→ **DATASET EXTRACT**
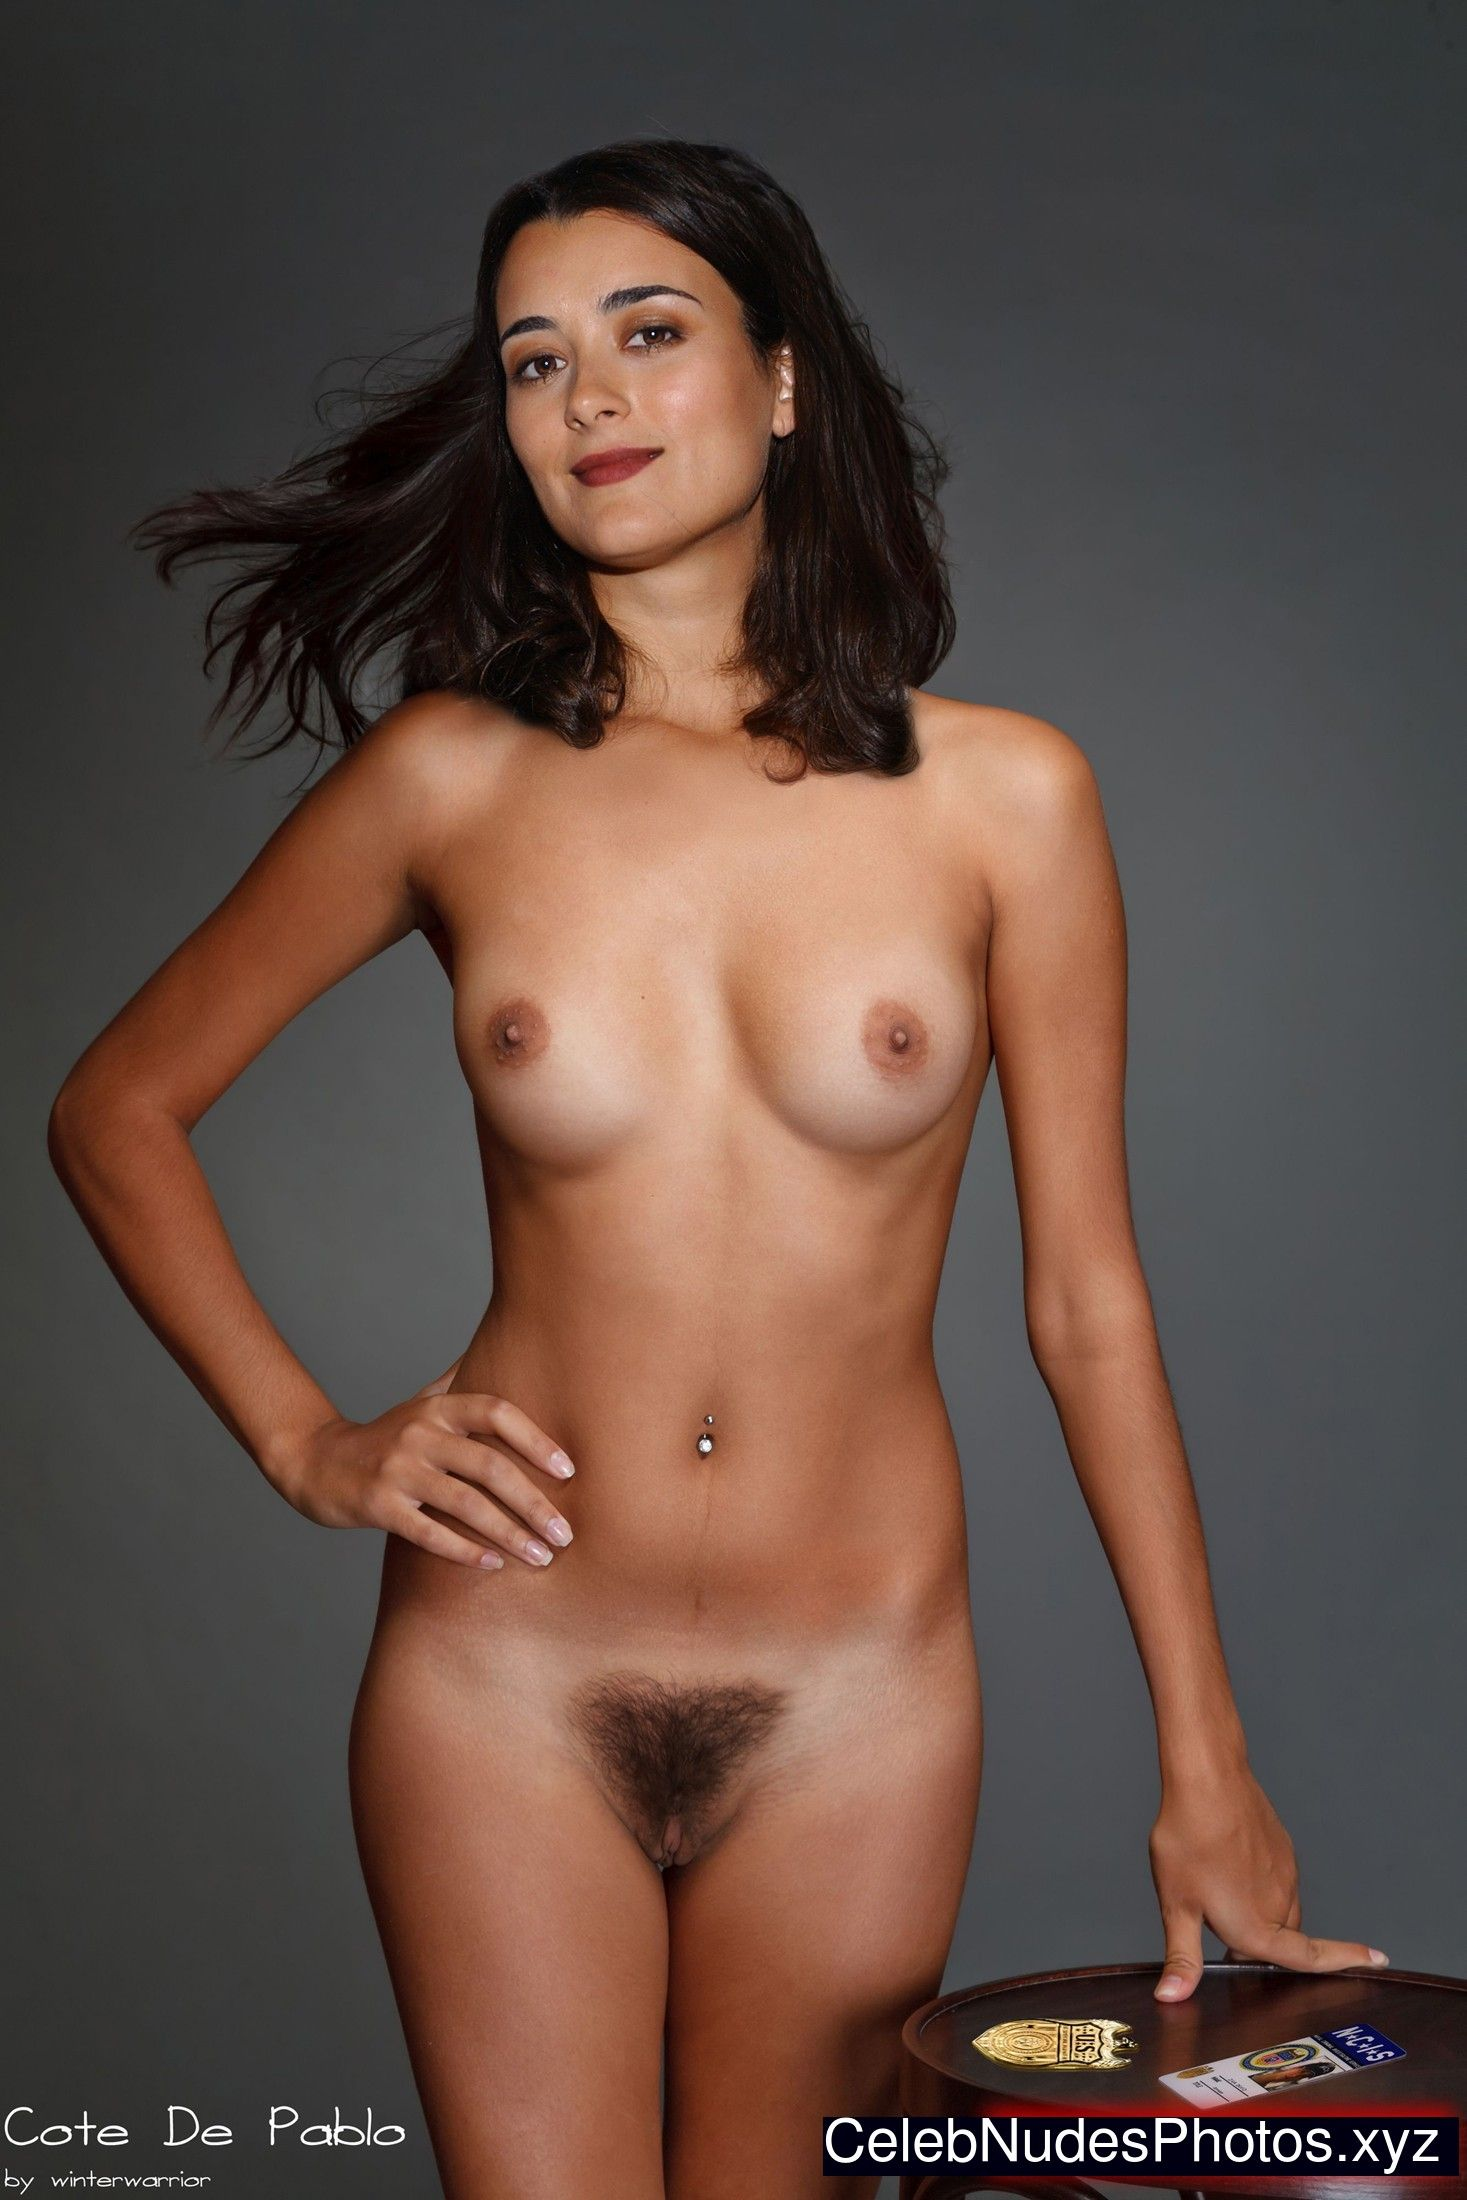 Coto de pablo getting fucked fake porn pics
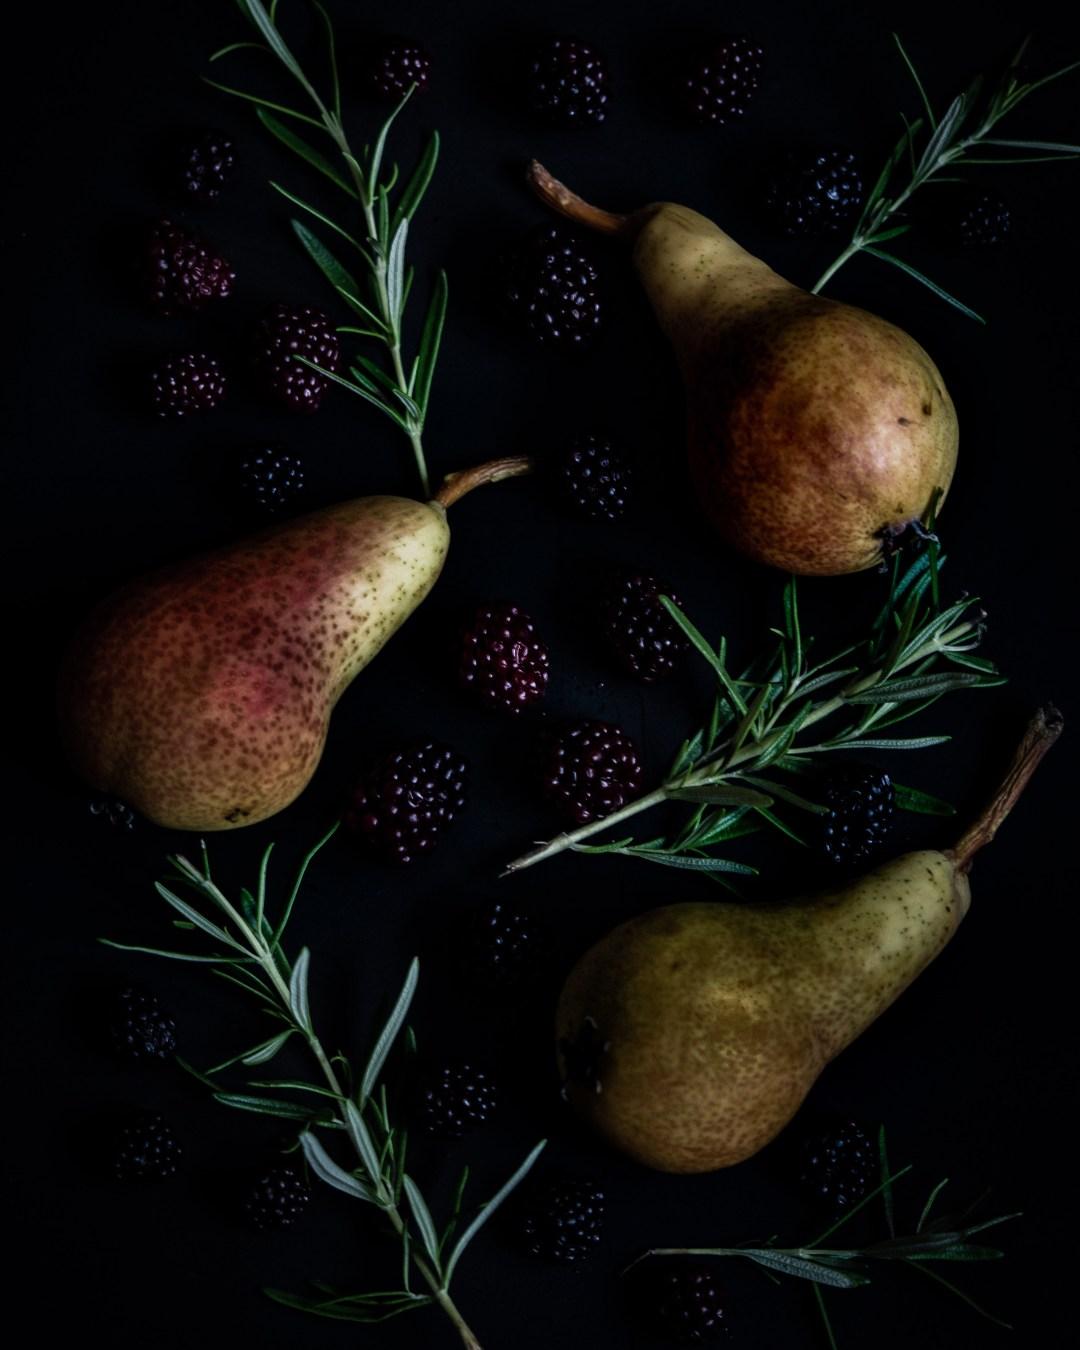 päron och björnbär
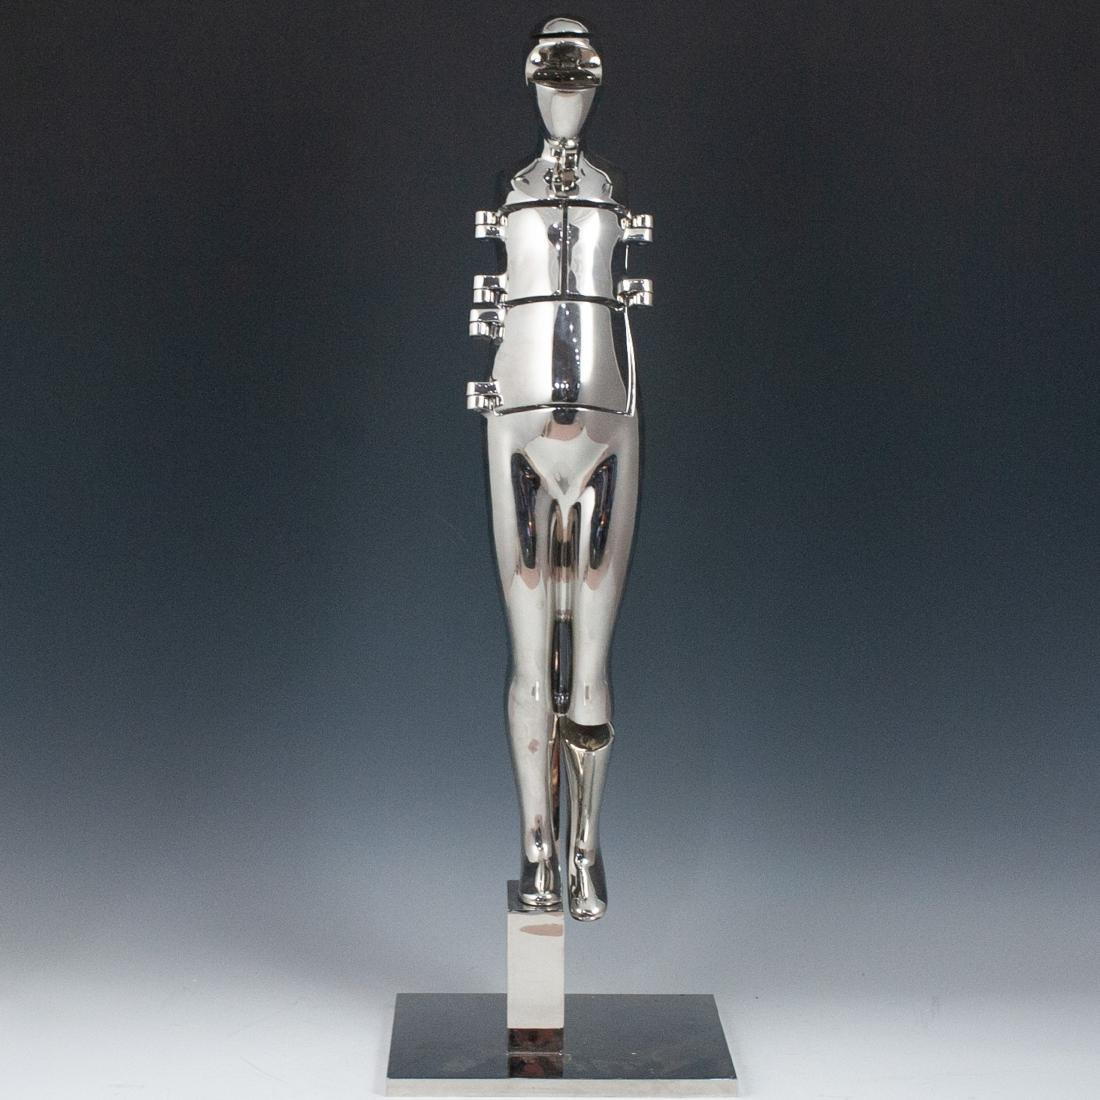 Ernest Trova (American.1927-2009) Sculpture
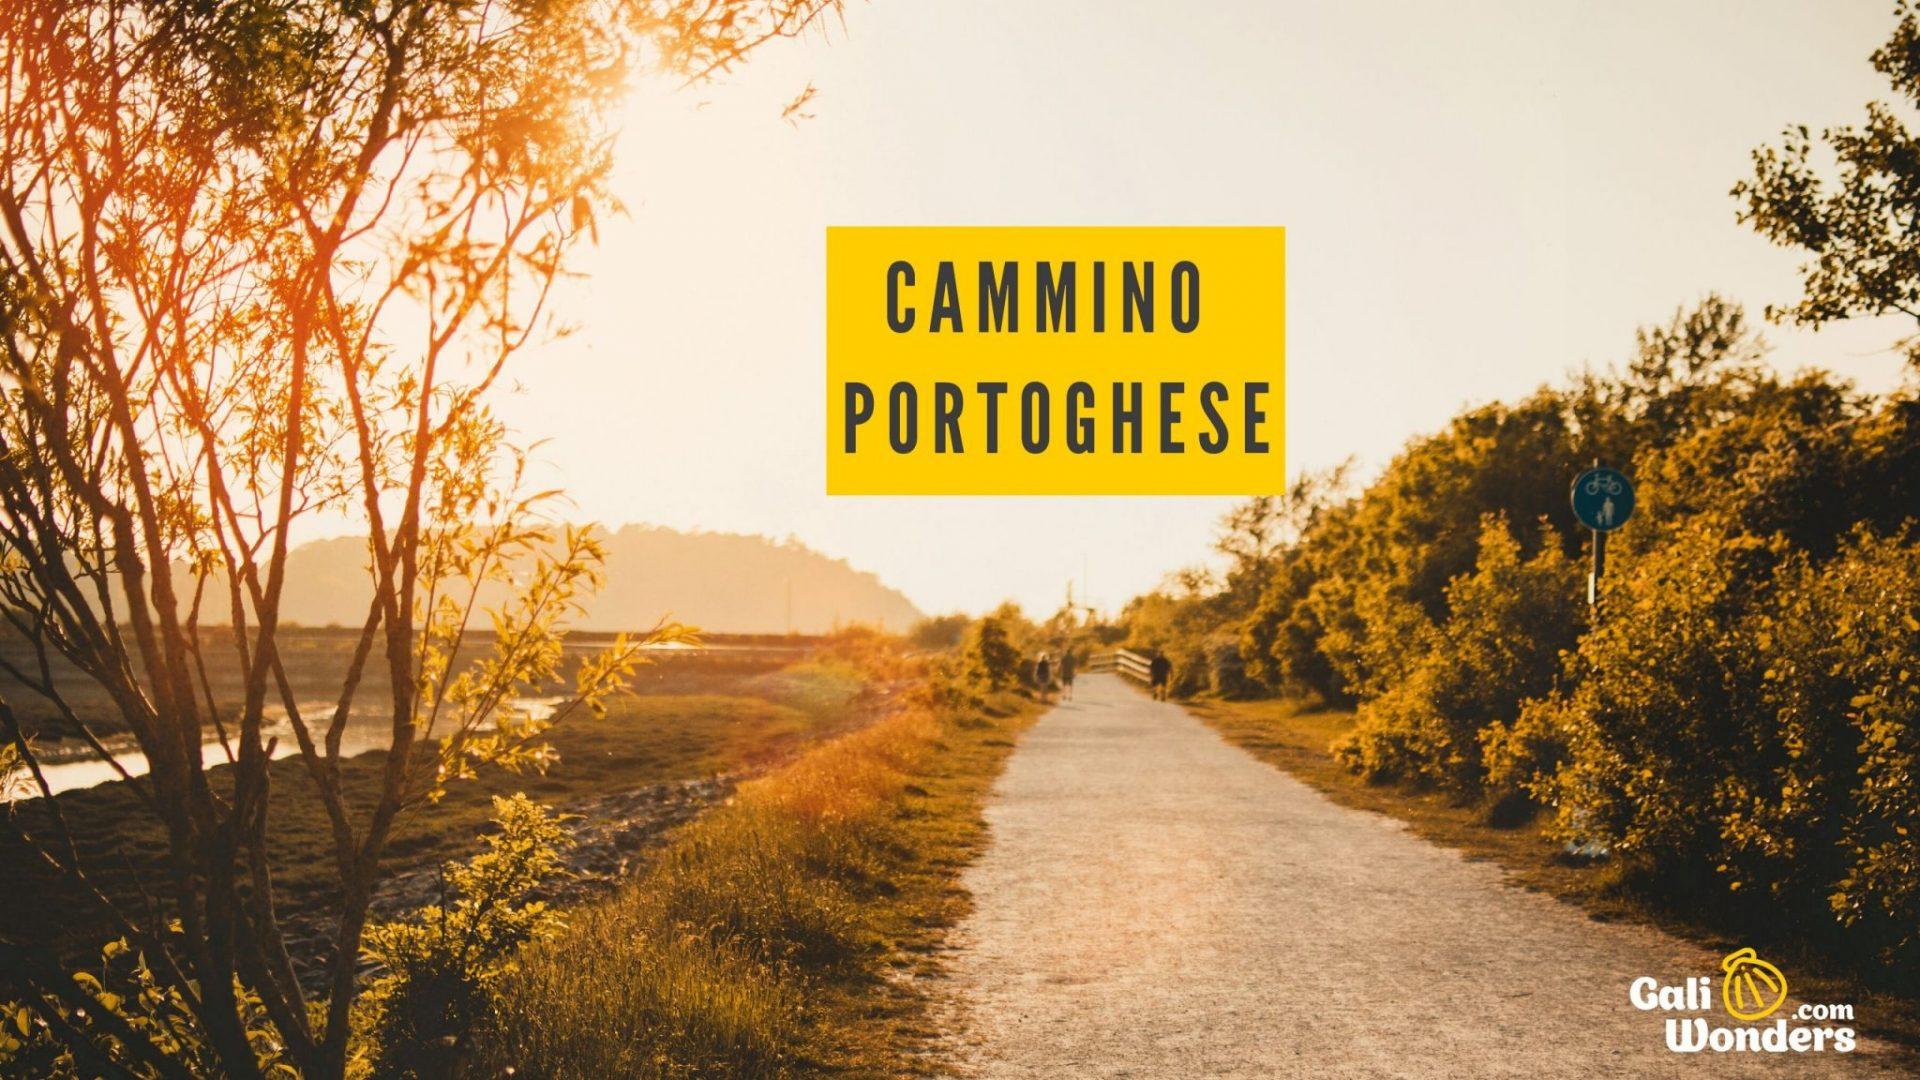 Cammino Portoghese Galiwonders

→ **TASK DESCRIPTION**
Set down the data above word for word, leaving every picture out.

→ **RESPONSE BOX**
 Coto de pablo getting fucked fake porn pics
 päron och björnbär
 Ernest Trova (American.1927-2009) Sculpture
 Cammino Portoghese Galiwonders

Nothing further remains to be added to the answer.